# OBRAS HIDRAULICAS - INGENIERIA DEL AGUA > Desaladoras >  Ahora el PP apuesta tambien por las desaladoras.

## Unregistered

Donde dije Digo digo Diego:

"El Ministerio apuesta por las desalinizadoras en los nuevos planes de cuenca."

"La directora general del Agua, Sandra Liana Ardiles, manifestó ayer que uno de los objetivos de su departamento es integrar las desalinizadoras en los nuevos planes de cuenca, algo que a su juicio no se hizo en la etapa anterior. No precisó en qué fase se encuentran los trabajos para conseguir un precio social que haga la desalinización más asequible para los regadíos. Apuntó que la nueva planificación dará otro empuje en diciembre."

http://www.laverdad.es/murcia/201411...ns_mchannel=TW


Yo la verdad es que me alegro de que cambien de opinión, espero que esto de un respiro al Tajo.
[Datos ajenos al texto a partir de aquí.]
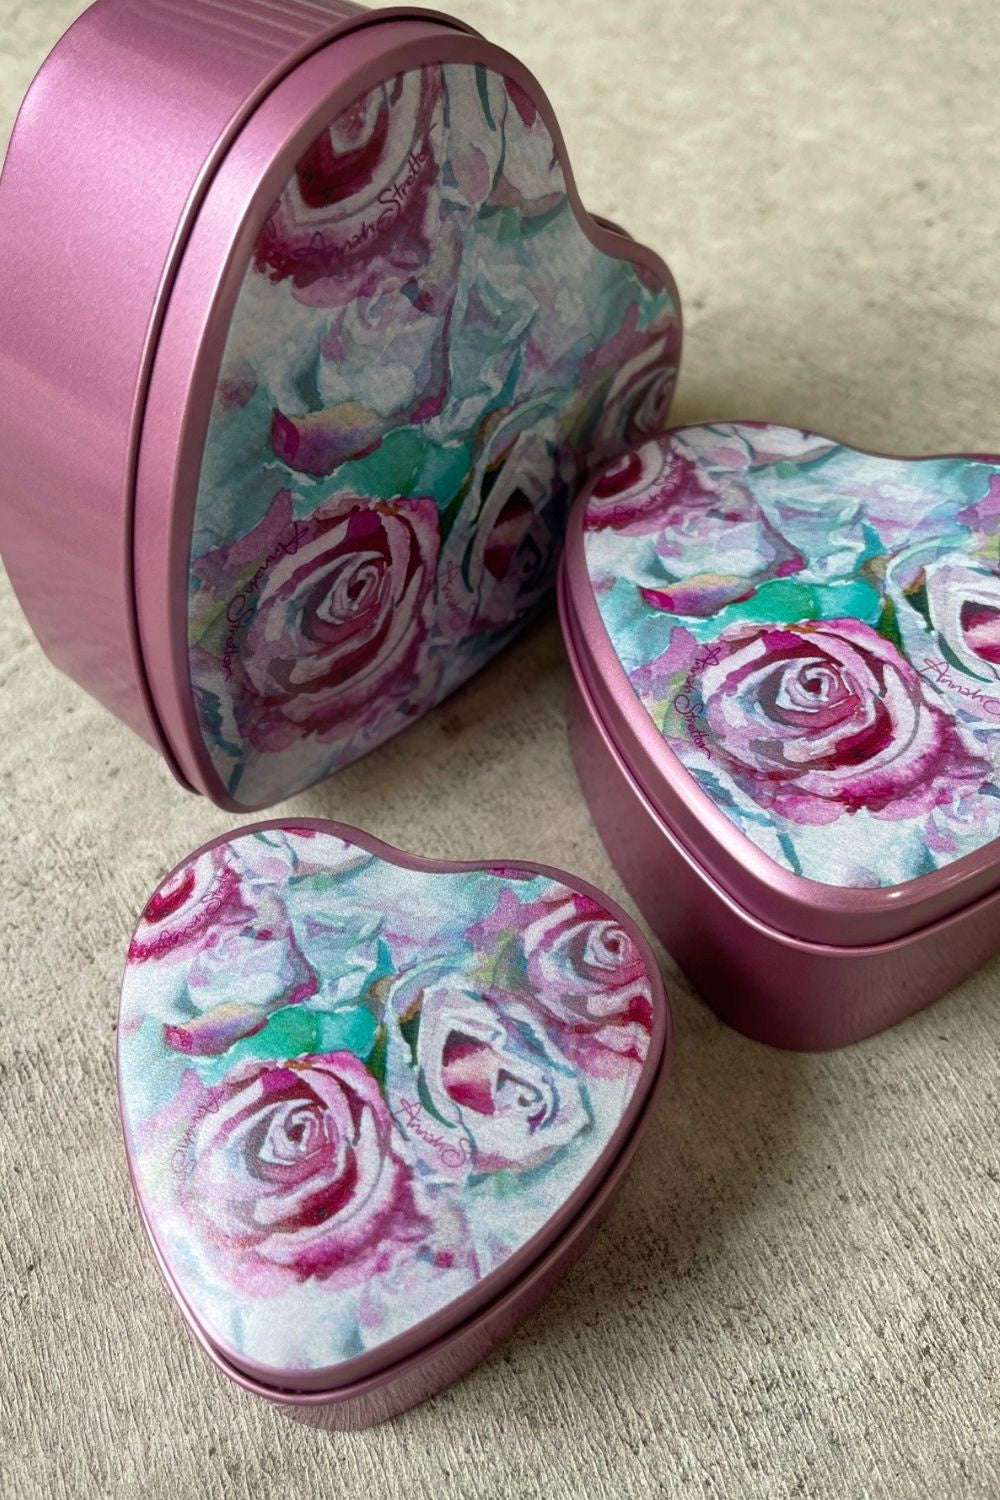 stacking heart shaped tins in pink, by annah stretton

Y ahora espero que muchas "opiniones" contrarias a las desaladoras por ese "palmerismo" de seguir un partido, estarán a favor de las desaladoras.

----------


## NoRegistrado

El problema es que quieren las desaladoras, que ese importe lo paguen los consumidores de agua de boca como en el Vinalopó, y que el resto lo paguemos el resto de españoles con un canon en el recibo del agua.

Quieren el trasvase y las desaladoras, las dos cosas. Por eso se han apresurado a pagar un estudio de la universidad de Cartagena en el que ponen que las desaladoras "sólo son viables" si se mezclan con las aguas del Tajo. ¿Y si se mezclan con las residuales depuradas no?

Como dicen en muchos sitios: "T*ta y sopa no caben en la boca"

Saludos. Miguel.

----------

Varanya (07-dic-2014)

----------


## No Registrado

Exactamente iba yo a decir lo que dice Miguel. 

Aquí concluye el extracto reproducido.